Sunday, April 17, 2011

D&D: Not Just a Table Top Game

Courtesy of Darknight0x0
            Greetings!  Good news! My character no longer has cancer!  Woot! It only took three cards from the Deck of Many Things, which gave me a wish spell that I used to eliminate the magical cancer.  Then on the next card it forced Endos to betray me (a.k.a. almost kill me)… at least the cancer is gone.
            Anyways, this week I thought would be a good one to give a review on the game Neverwinter Nights 2, a PC game that is basically a D&D campaign on a computer screen.  The game begins with you, as a relatively normal person living in a small village, participating in some local competitions and festivals and such when all of a sudden the village is attacked by an army of goblin-like creatures looking for a magical shard that, unknown by the villagers, is in their area.

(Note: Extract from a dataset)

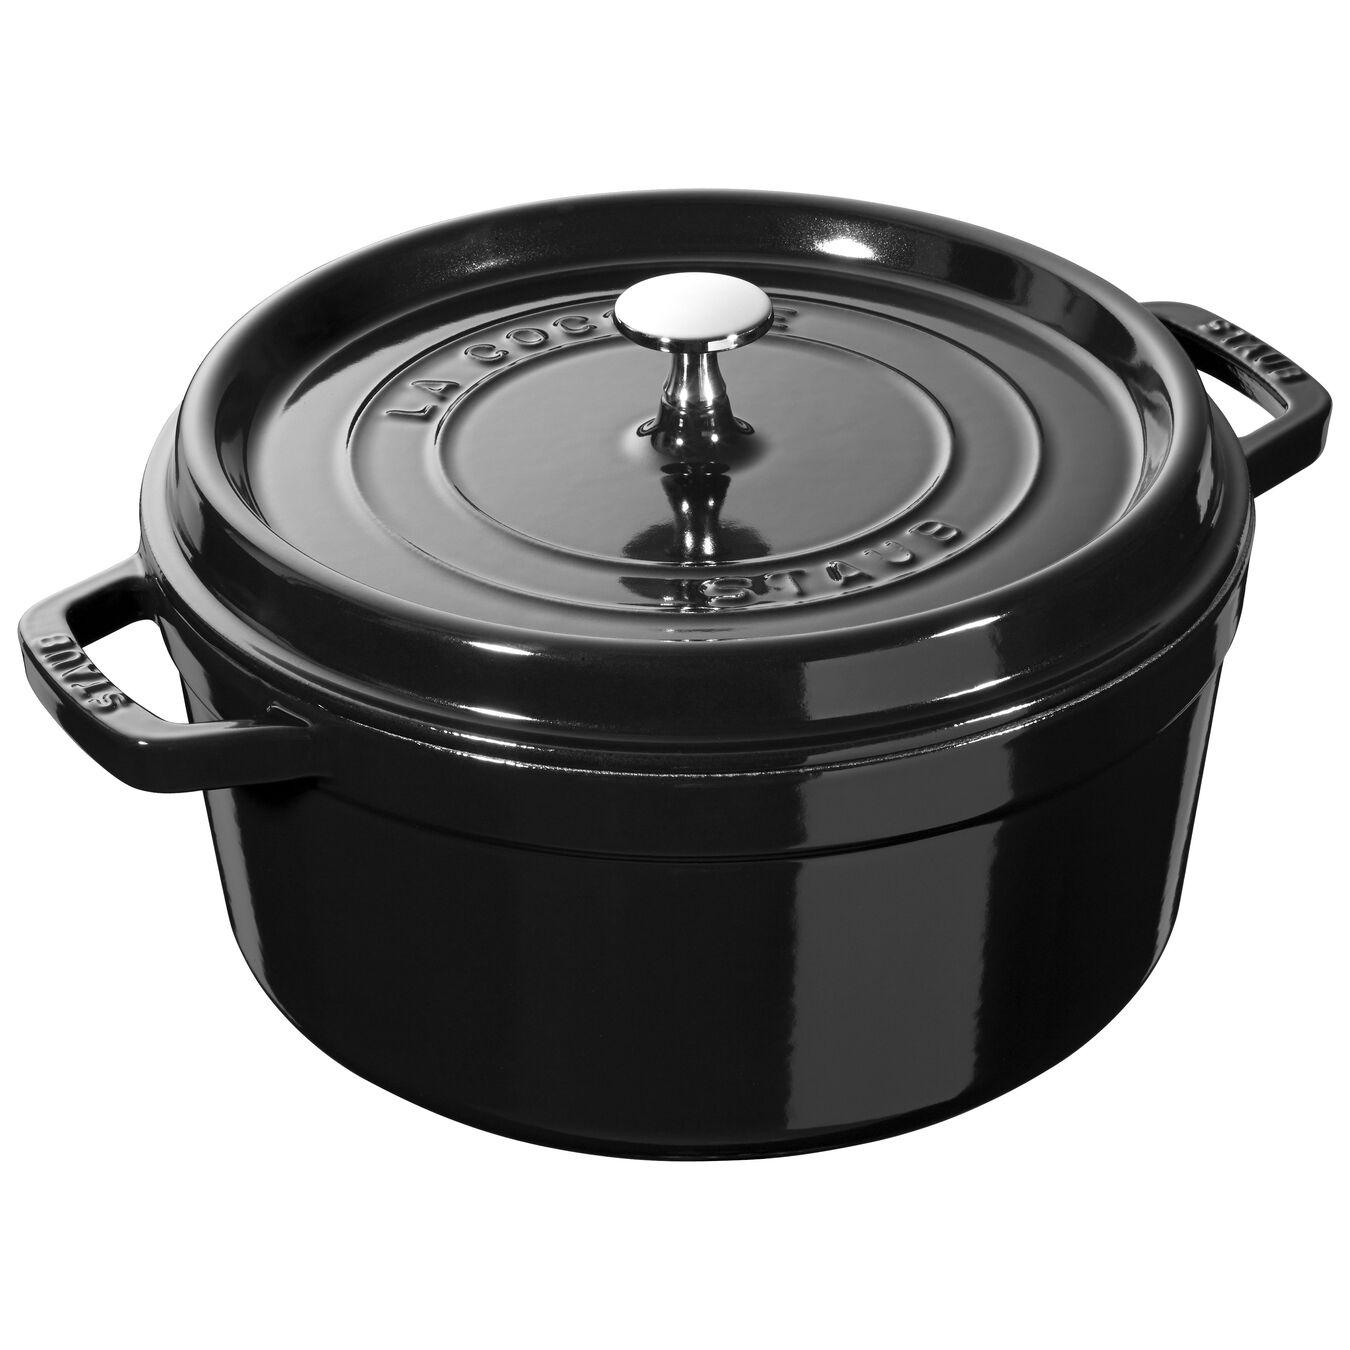 3,75 l Cast iron round Faitout, Shiny-Black,,large 1

That’s the start of the game, now here’s the review:
In the realm of games that relate to D&D, Neverwinter Nights 2 (NWN2) is definitely one worth playing for any D&D enthusiast.  The key factor that stands out about NWN2 is that the game takes actual material from D&D books and pastes it right into the game text.  Special abilities, weapons, spells, and equipment are almost entirely from one version or another of D&D.  One would think that this would lead to a repetitive gaming experience, but with the minor changes in the rules and the addition of several “new” classes the game remains relatively fresh. 
With this said though, the story of NWN2 is quite basic as far as role playing-fantasy games are concerned and on top of this it is a rather long game (30 to 50 hours depending on if you know what you are doing).  Because it is so long and the story so generic, the game may become dull after awhile unless you are good at finishing long games.  If it is any consolation, later chapters are far more interesting than early ones, which are primarily concerned with your character trying to figure out what the heck is going on. These issues are easy to overlook though due to the general enjoyment you will experience from developing your character into his/her most powerful state.
 However, there are three major issues in NWN2 that hold it back from being a truly great game.  The first of these is that the camera is often frustrating and unable to show corners adequately.  The second issue is that there are a few bugs and glitches in the game that, while not crippling, are a nuisance and can be challenging to work around.  The third, and worst, of these though is a mediocre AI system.  AIs will walk right through traps that are plainly visible, ranged characters will charge right into battle, spell casters won’t cast spells, and everyone will guzzle potions like they were water.  Now you can work around this by micromanaging your party, but this becomes increasingly demanding as your abilities mature.
Overall, despite a few lack lust technical issues, the game is worth playing even if it’s just for the sake of saying you did.   Whether you finish it though is up to you…

Until next time.


Player Tip of the Week

Don’t take what happens in game personally outside of the game.  Sometimes it is easy to get engrossed in your character or party dynamics when playing through a campaign, which can lead to issues outside of the game in real life.  Just because your party’s Chaotic Neutral Sorcerer casted Flare in your character’s face or made fun of your character in game, does not mean that they are insulting you in real life. 
For instance, when Endos in game makes fun of me having a rat tail, or when his Imp Familiar tricked me into making a deal with a demon to remove the rat tail (he gave me cancer instead) my character was certainly angry with them, but once we were back to reality there are no hard feelings.  In some circumstances, the opposite can happen and arguments may ensue.
Point is, don’t take what happens in game personally.  Most of the time it’s just a joke; so be sure to take it like one.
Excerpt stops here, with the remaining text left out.